Two decades after declaring victory in the war over biblical inerrancy, Southern Baptists are battling about booze.
Seeking to remain relevant in today’s culture, many Baptists have abandoned former taboos against social activities like dancing and going to movies. Now some are questioning the denomination’s historic position of abstaining from alcohol, prompting others to draw a line.
The Baptist State Convention of North Carolina recently passed a motion to “study a policy of the social use of alcohol” related to funding of church plants, employment of personnel and nomination of persons to committees and boards of trustees.
Rome doesn’t recognize Anglican Orders.
Anglicans don’t recognize the authority of the Pope
Baptists don’t recognize each other in the Liquor Store.
If you go fishing, and you want to take one Baptist friend, you’d better bring along a second Baptist. If he is your only guest, the first Baptist will drink all your beer.
This reminds me of a conversation that I had in 2003 with a Nazarene colleague. The Nazarenes were going to have their national convention within a month or so of GC2003. We discussed the leading issues of our upcoming conventions. Ours, of course, involved ratification of the election of the bishop-elect of New Hampshire. The “big” issue for the Nazarenes that year was whether a Nazarene could patronize a restaurant that had a bar, even though neither the Nazarene, nor any person in his/her party, had any intention of ordering any adult beverages–such as you might find in going to an Applebee’s, TGIFriday’s, etc. (I don’t remember how that one came out)

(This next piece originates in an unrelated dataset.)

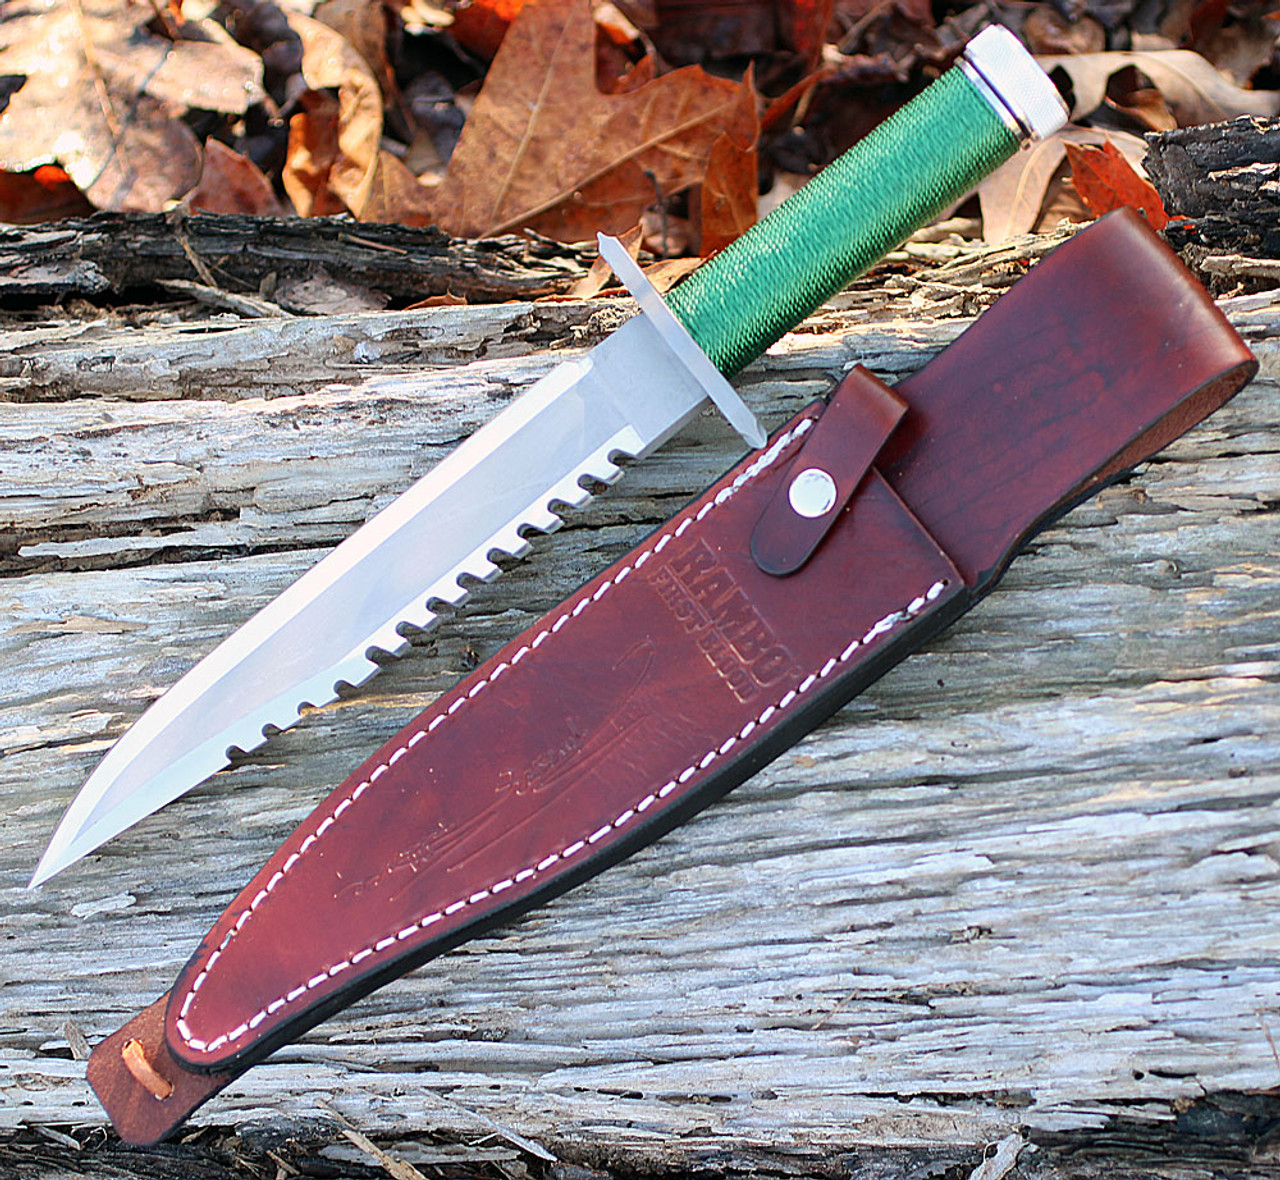 Rambo 9292 First Blood Standard Edition, 9" Stainless Plain Blade, Green Nylon Cord-wrapped Handle

I told him that at GC2000, the Denver Post had an interview with waitstaff from various public houses in the area of the convention center. One waitress told the paper that we were the hardest-drinking religious convention she had ever seen.
Different denominations in very different places, on at least a couple of issues.
Where there are four Episcopalians (or Anglicans!!) there is always a “fifth”
And To Quote St. Paul: Drink no more water, but take a little wine for your stomach’s sake.
We have an interesting selection of denominations and positions so far. The Church of the Nazarene is modest in size and dedicated to a strong interpretation of Wesleyan holiness. They really are shooting for being perfected in love in this life and that means they stay away from temptation without subtlety or ambiguity.
Episcopalians and Anglicans tend, in varying degrees, to also see personal evil as a result of habits and tendencies, but they take what I think is a more accurate biblical view: Evil personal behavior really is individual and internal. The substances we put in our bodies don’t matter so much in terms of good and bad until they react with the person they enter.
The Southern Baptist Church is huge. In America, it is the Protestant equivalent of the Roman Catholic Church. Contrary to its heritage, it has elevated doctrinal uniformity to a central position. Baptist individualism has been submerged after the fashion of fish, with an even surface and a good deal of wiggle underneath the water. So, Peter Lumpkins can preach all he wants to and distort scripture and history to the extent he finds necessary, but Baptists will still drink.